Het panamerikanisme kwam in de jaren twintig van de negentiende eeuw op, nadat de Latijns-Amerikaanse landen onafhankelijk waren geworden. Het gemeenschappelijke doel was onafhankelijk te blijven en inmenging van mogendheden van buiten Amerika tegen te gaan. De Verenigde Staten vormden vanaf de jaren zeventig van de negentiende eeuw de motor achter het panamerikanisme. In 1889 werd de eerste echte panamerikaanse conferentie in Washington gehouden. Na diverse mislukte pogingen werd in 1910 de Panamerikaanse Unie opgericht. De samenwerking was in de eerste jaren vooral gericht op het handelsverkeer tussen eenentwintig staten in Zuid-, Midden- en Noord-Amerika. Canada hield zich afzijdig van het panamerikanisme.



De betrekkingen tussen de Latijns-Amerikaanse landen en de Verenigde Staten verslechterden rond de eeuwwisseling.
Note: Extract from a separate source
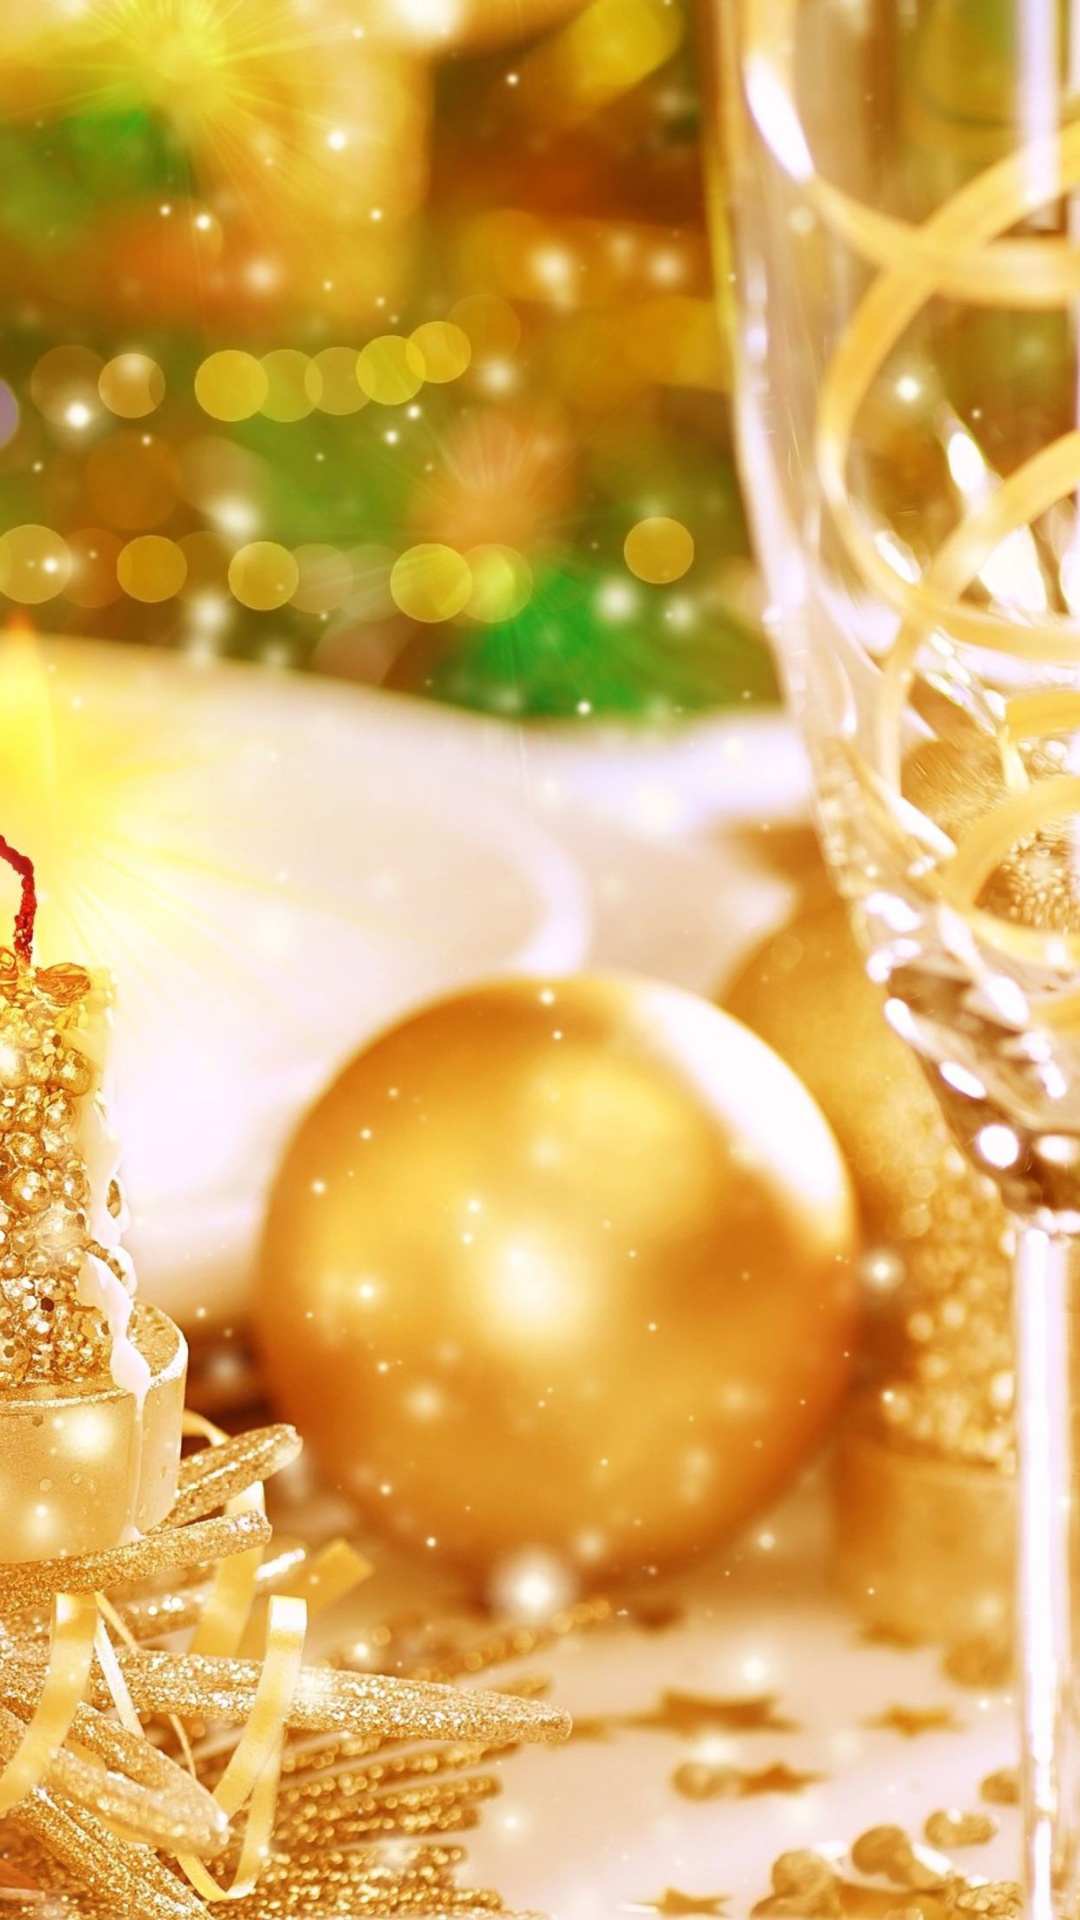 Gold Christmas Decorations wallpaper 1080x1920

De Verenigde Staten manifesteerden zich toen steeds meer als opvolger van de Europese koloniale mogendheden. De presidenten Herbert Hoover en Franklin D. Roosevelt slaagden erin de onvrede van de Latijns-Amerikaanse landen over de imperialistische politiek van de Verenigde Staten weg te nemen door zich niet langer in de interne aangelegenheden van die landen te mengen. Daardoor richtte het panamerikanisme zich in de jaren dertig in toenemende mate op politieke samenwerking.

In 1948 leidde de toonaangevende rol van de Verenigde Staten in het gebied tot de oprichting van de Organisatie van Amerikaanse Staten (OAS), waardoor in plaats van een ad-hocsysteem een formele organisatie ontstond. Een belangrijk doel van het panamerikanisme was sindsdien het vrijwaren van de landen van het continent Amerika van communistische invloeden.